You're no Raven!1
Many people who pray do so with great hesitation in their hearts. They virtually tip toe to the throne of grace, fearful of upsetting God with what they perceive to be their own insolence or presumption. They lack confidence and courage. This is why we need to hear yet again the exhortation of Hebrews 4:16,
“Let us then with confidence draw near to the throne of grace, that we may receive mercy and find grace to help in time of need.”
But confidence in what? Confidence in God, of course. The confidence that comes from knowing we have a great high priest who knows our thoughts, our hurts, our worst fears and our deepest desires (see Heb. 4:14-15).
But I want to suggest that this confidence is grounded not only in what God has done but in who we are as a result of what God has done. The psalmist said of God that “He gives to the beast their food, and to the young ravens that cry” (Ps. 147:9). Could it be that this is what Jesus had in mind when he said, “Consider the ravens: they neither sow nor reap, they have neither storehouse nor barn, and yet God feeds them. Of how much more value are you than the birds!” (Luke 12:24). This is marvelous logic indeed.
The raven is but a bird, whose death means little. We, on the other hand, are immortal souls. No raven, as far as I know, will ever be redeemed or resurrected. No raven will ever be raptured. How, then, could God hear its cry, and he does, but turn a deaf ear to yours? No raven was ever formed in the image of God. If you heard the cry of a hungry raven simultaneous with the cry of an abandoned and starving infant, to which would you first give aid? I know, it’s a silly question. But we are not better than God, are we? If we have the good sense to first attend the one who bears the divine image, will God do less?

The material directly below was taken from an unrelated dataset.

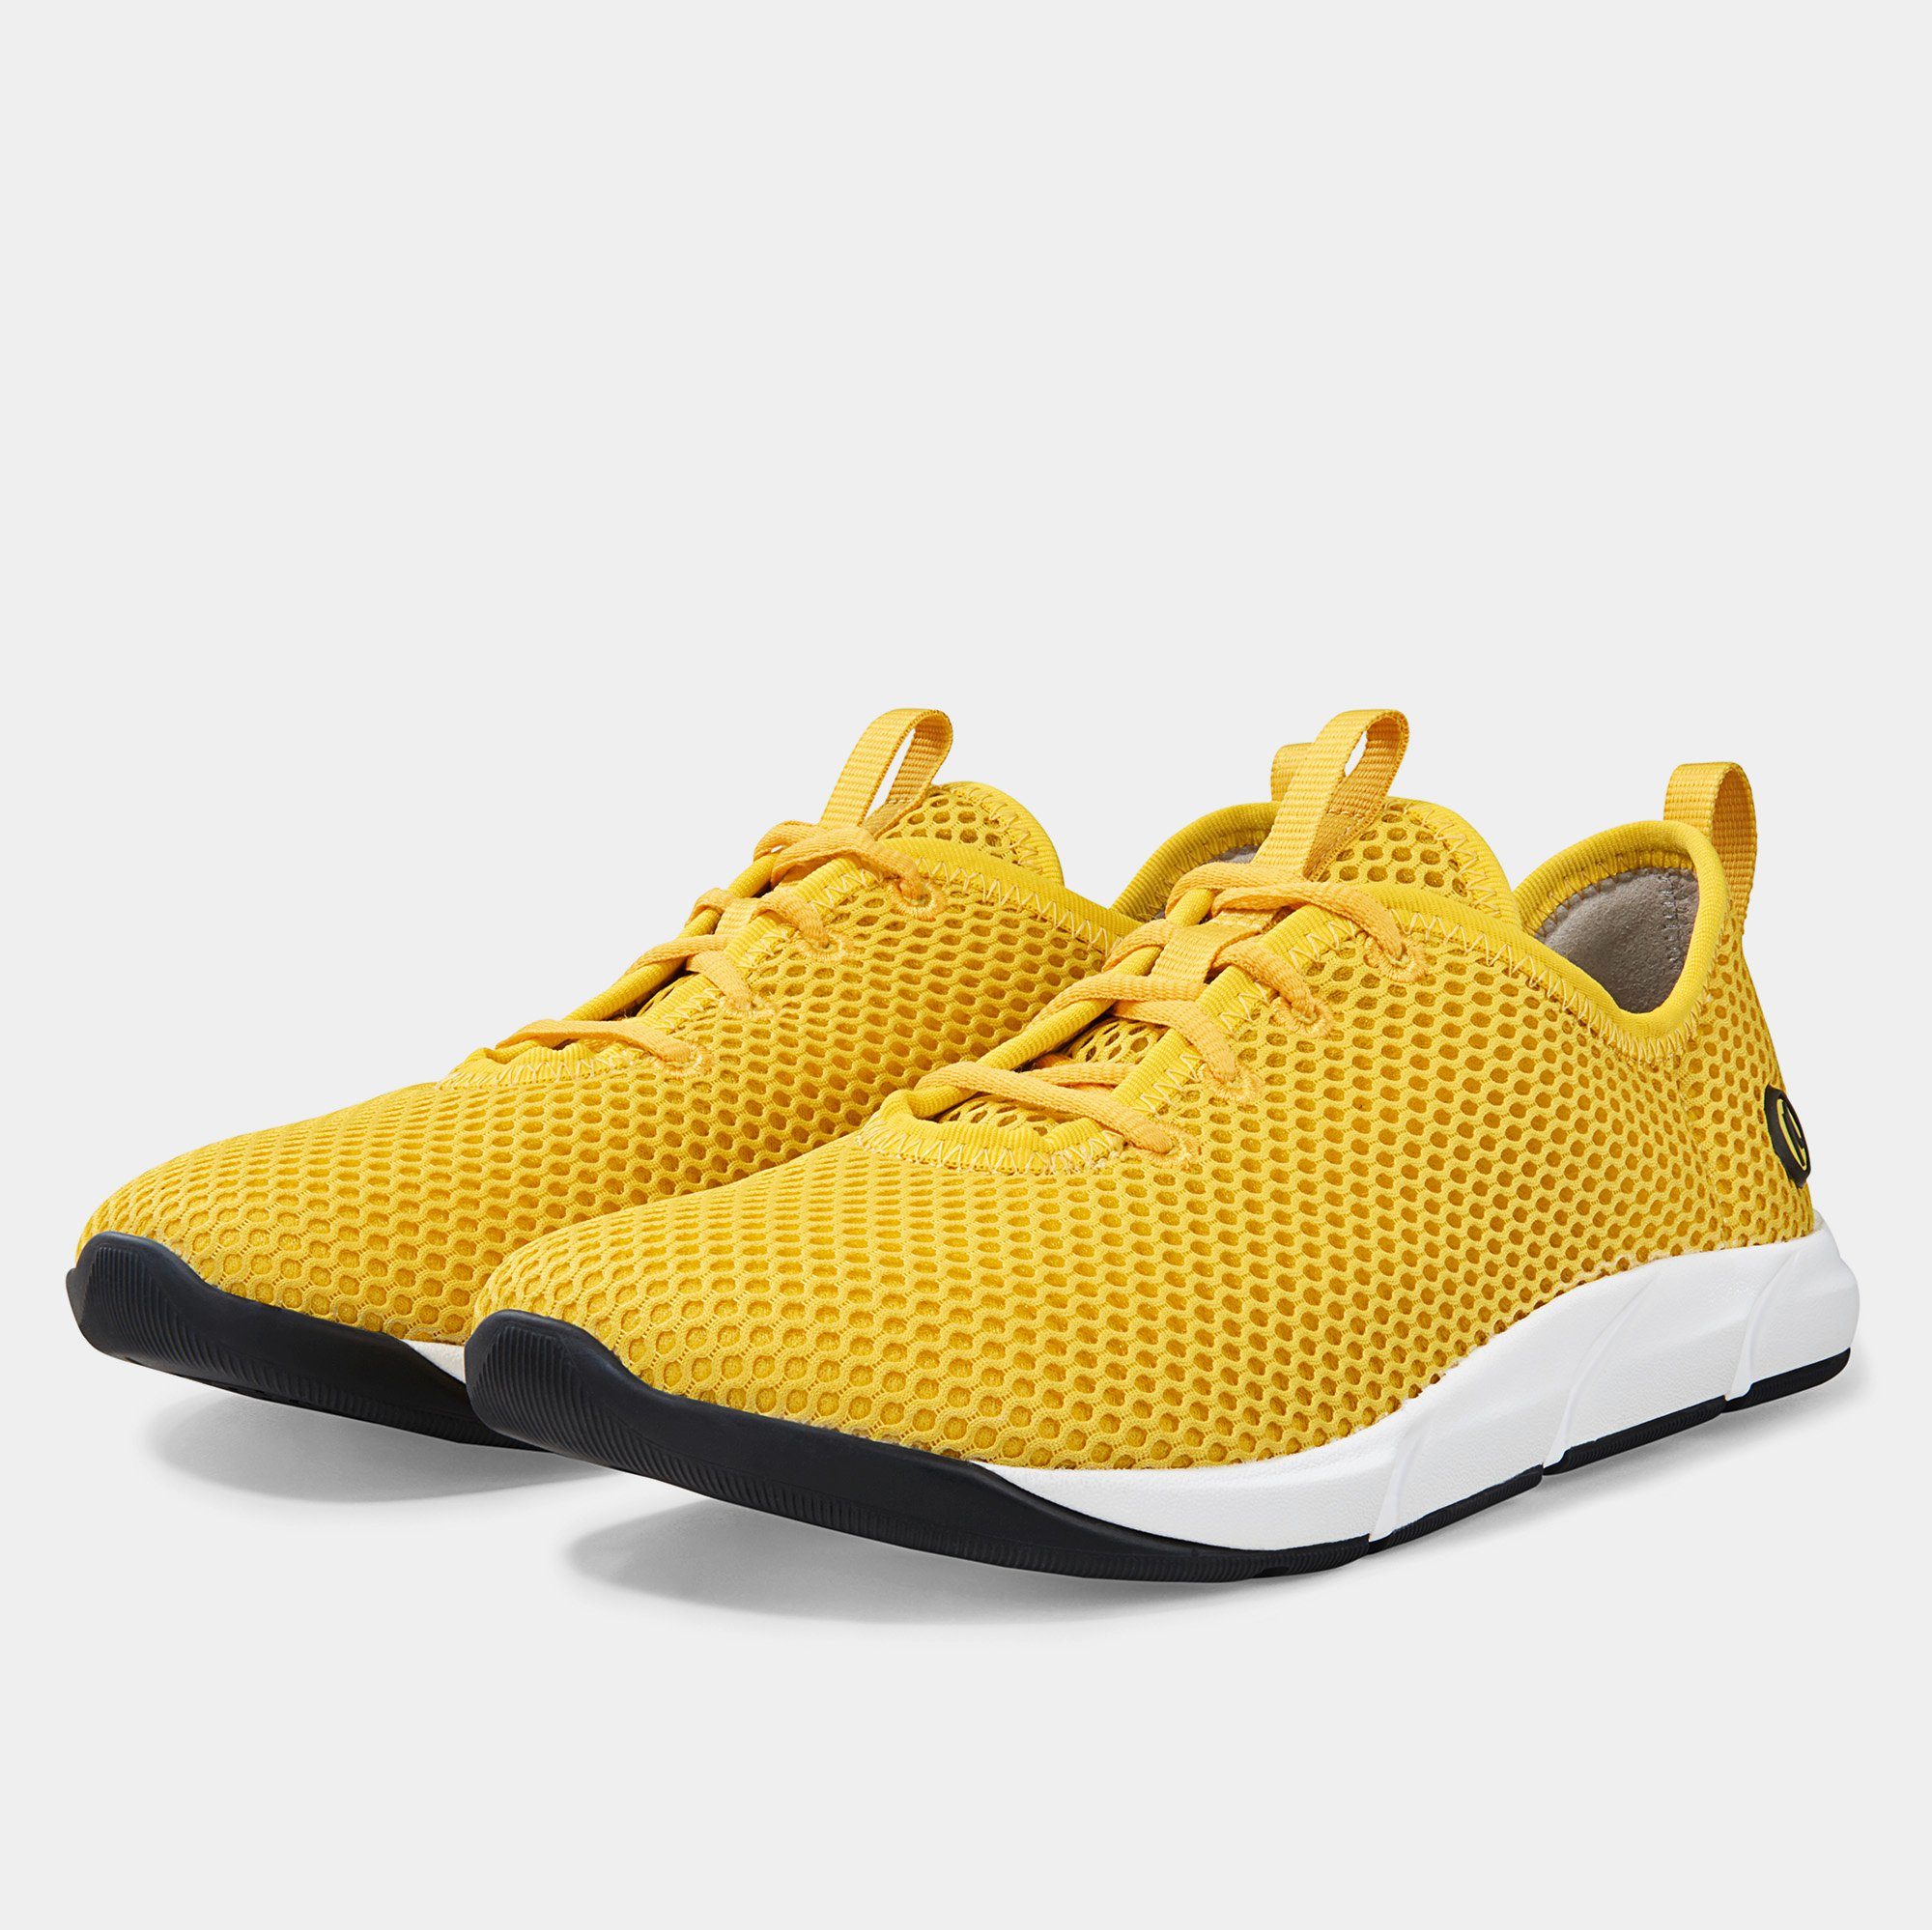 Günstiger Kauf BÄR Damenschuh - Modell motionToes Gelb in der Farbe Sneaker 2.0

Be it noted that Jesus refers to a raven; not a hawk or falcon or eagle or cardinal or robin or any such bird of beauty. It is to the lowly and seemingly useless raven that he appeals. If God would provide for the needs of so insignificant a bird, will he not happily and generously provide for yours. So, come to the throne of grace with confidence.
Let’s stay with this analogy for a moment. Consider the cry of the raven. It speaks no words, articulates no phrases, formulates no arguments. Its cry is purely of instinct. The raven makes no appeal to grace and knows nothing of the high priest, Jesus. In fact, Jesus didn’t die for a single raven, yet the Father graciously cares for their needs. How much more, then, shall he graciously care for yours.
Nowhere are ravens commanded to cry to God, yet we are repeatedly exhorted to do so. We have the divine warrant to come to this gracious throne. Ravens aren’t told to come yet they never go away empty. You and I come as invited guests. How, then, shall we be denied by him who has issued the invitation?
The cry of the raven is at best that of an unthinking animal. Ours is the cry of the precious Holy Spirit within us (cf. Rom. 8:26ff.). When the ravens cry to God they do so alone, but we cry jointly with our heavenly intercessor, the Lord Jesus Christ (Heb. 7:25). If the mere chattering of a single bird prevails upon God, how much more shall the petitions of his blood-bought child who can clench a request with the biblical plea, “Father, do it for Jesus’ sake!”
So, come to the throne of grace with confidence.